The glass came looking half-clean and the finger was still there. She let go for a moment and pulled out a Casera bottle and put it alongside the glass for me to pour. I poured myself a big cool ‘clara’, drank it and made another while she looked on.
“Been asleep on the floor in there” she said pointing towards the door where she had appeared from.
The beer still made my head feel light I needed something to eat to soak up the alcohol but what. Anadvert for ice cream hung from the wall behind me, I caught site of it as I shifted on my barstool. ‘Ice cream should be in a fridge and hygienic,’ it was worth a try.
“Have you got any of them” I said pointing “be nice and cool, it’s so hot today.”
“Yes I’ve got some, come and choose the one you’d like” and she led me through the darkened doorway into the shuttered back room and past her blanket on the floor.
“That’s where I was when you came in” she said as she lifted the lid of a big freezer.
“That one or this one” she said holding up the different ice creams, the cones completely foil wrapped I noticed
“Oh any one” I said so pleased they were in paper. I got my ice cream and returned to the bar where I finished my clara and paid her what I thought was a very small amount for my beer lemonade and ice-cream, so unwrapping my prize stepped out into the hot sun again. I felt rejuvenated but still had withdrawal symptoms for not finding a coffee. I would get one in the next village I promised myself.
The next village was miles away and by the time I got there I was very tired again. The monastery and albergue seemed over the other side of the village and every time I asked I was told they didn’t know how far it was.
“Maybe two to four kilometres, could be, I don’t really know” was a typical reply.
I found a bar and went in. Two children seemed to be in charge.
“A large white coffee” I asked in Spanish
“No coffee” said the oldest child.
Grandpa appeared from a door at the rear.
“No coffee” he confirmed.
Devastated I ordered a beer to cry in and swigged it down, paid and left. This was unheard of, ‘Two bars miles apart and no coffee! I’m in Spain! It’s gone to the dogs since I left twenty years ago,’ I said to myself as I plodded off through the village. I came out into the country again walking through thick woods with still no sign of the monastery, and I would not find it until much later and back on hard road again.
I came down a valley and passed a peaceful looking scene, a lake with two rowboats and fishermen casting their lines. As I looked I remembered my lost walking poles that made into a fishing rod, then I saw two towers in the distance. Now I came into Sobrado de Monxes and asked where I had to go. There was a big high stone wall on the left and houses to the right.
“Through the arch and round to the left” I was told.
This I did and came into the big Plaza and a bus was loading tourists by the arched entranceway into the monastery. I pushed my way through, with people staring at a peregrino in some distress, exhausted as he arrived after some forty-seven kilometres I later calculated it to be.
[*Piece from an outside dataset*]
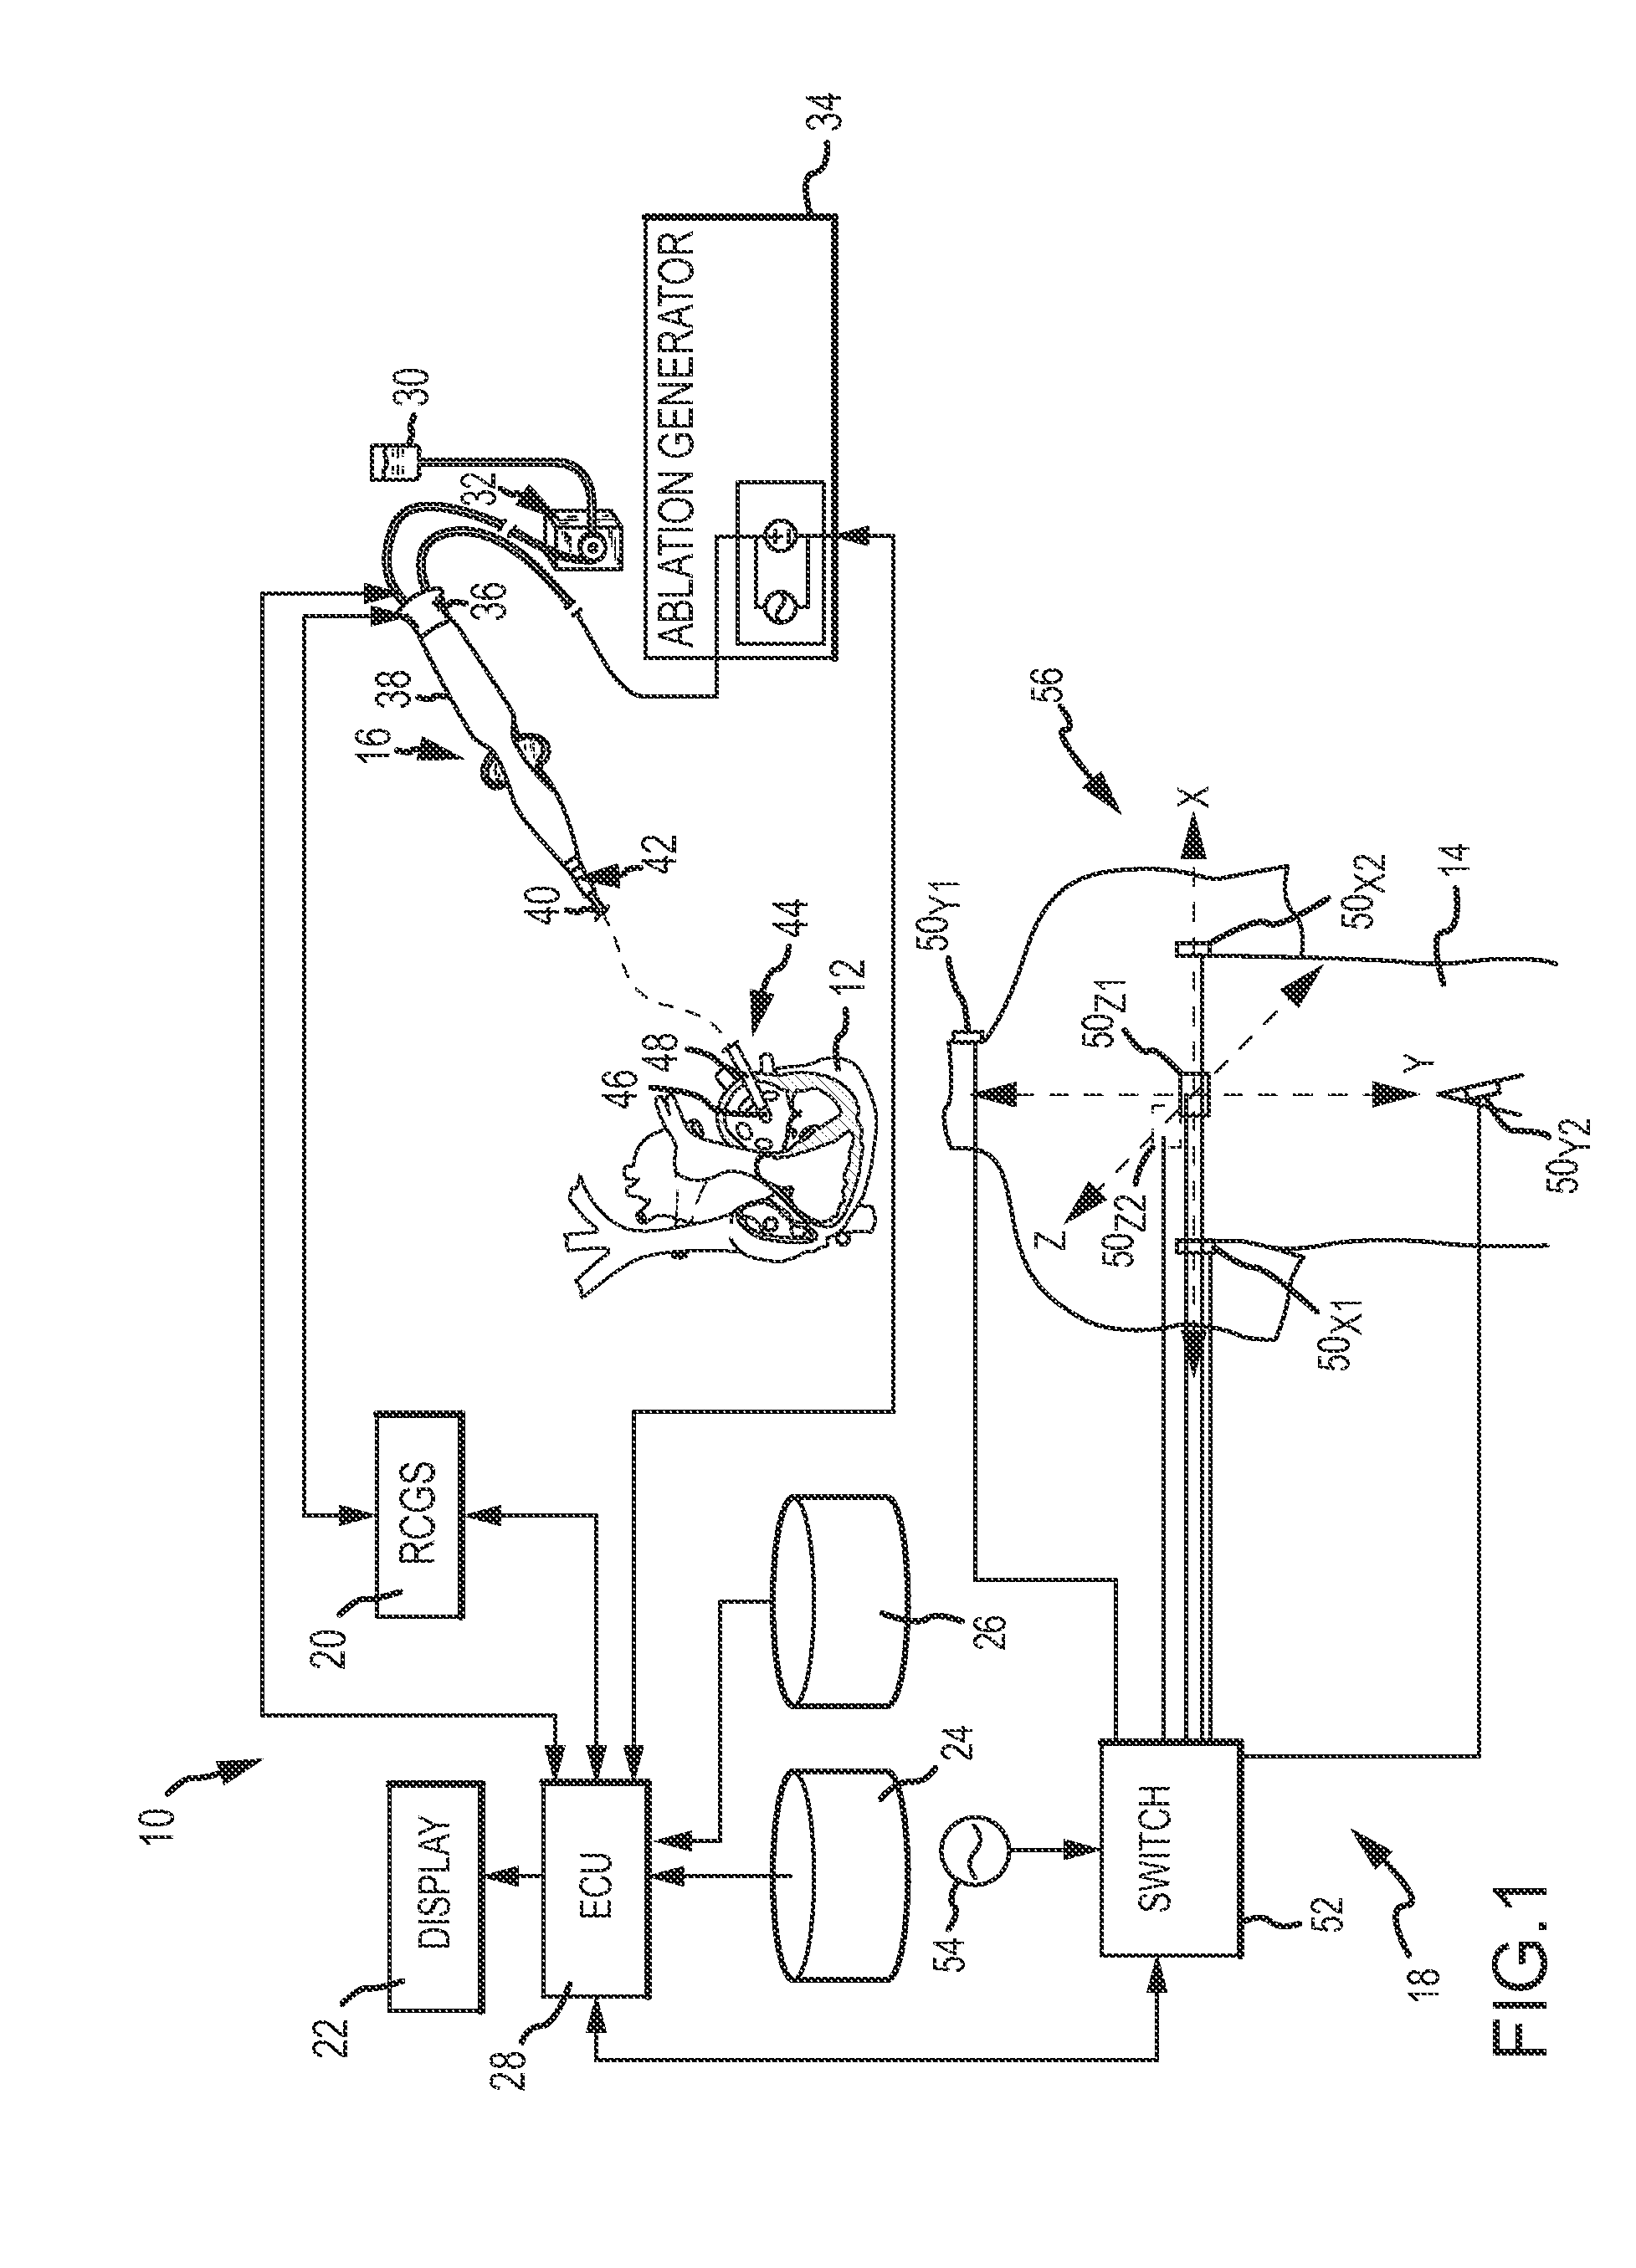 Catheter configuration interface and related system

You can imagine I was heavily dependent on my two sticks as I came up the magnificent entrance and the Spanish couple I had befriended last night shouted encouragement to me as I came on and told me where to go.
I entered the big doors into a office reception room and there were the smiling faces of Marie and Cathy and three Spanish men. They helped me dump my pack and one man stamped the carnet. Cathy and Marie kindly said they would show me the dorm.
We went through and came into a patio or cloister then under the arches and through another door on one side. This led into the dormitory, where a row of good solid looking bunk beds were down the left side of the big room. The Spanish couple had taken the first two lower bunks, then further down there was Marie and Cathy’s and I took the second to end one. All of us had taken the lower bunks. It was a fairly dark room with very subdued lighting but after a while I got time to look round a little more. I noticed the wall behind the beds was made of beautiful stone work, and behind each bed was a stone arch forming a recessed trough at about waist high, inside each recess was a slab dished like a bowl. We were in fact sleeping in the refurbished stables. Each was a horse-feeding trough.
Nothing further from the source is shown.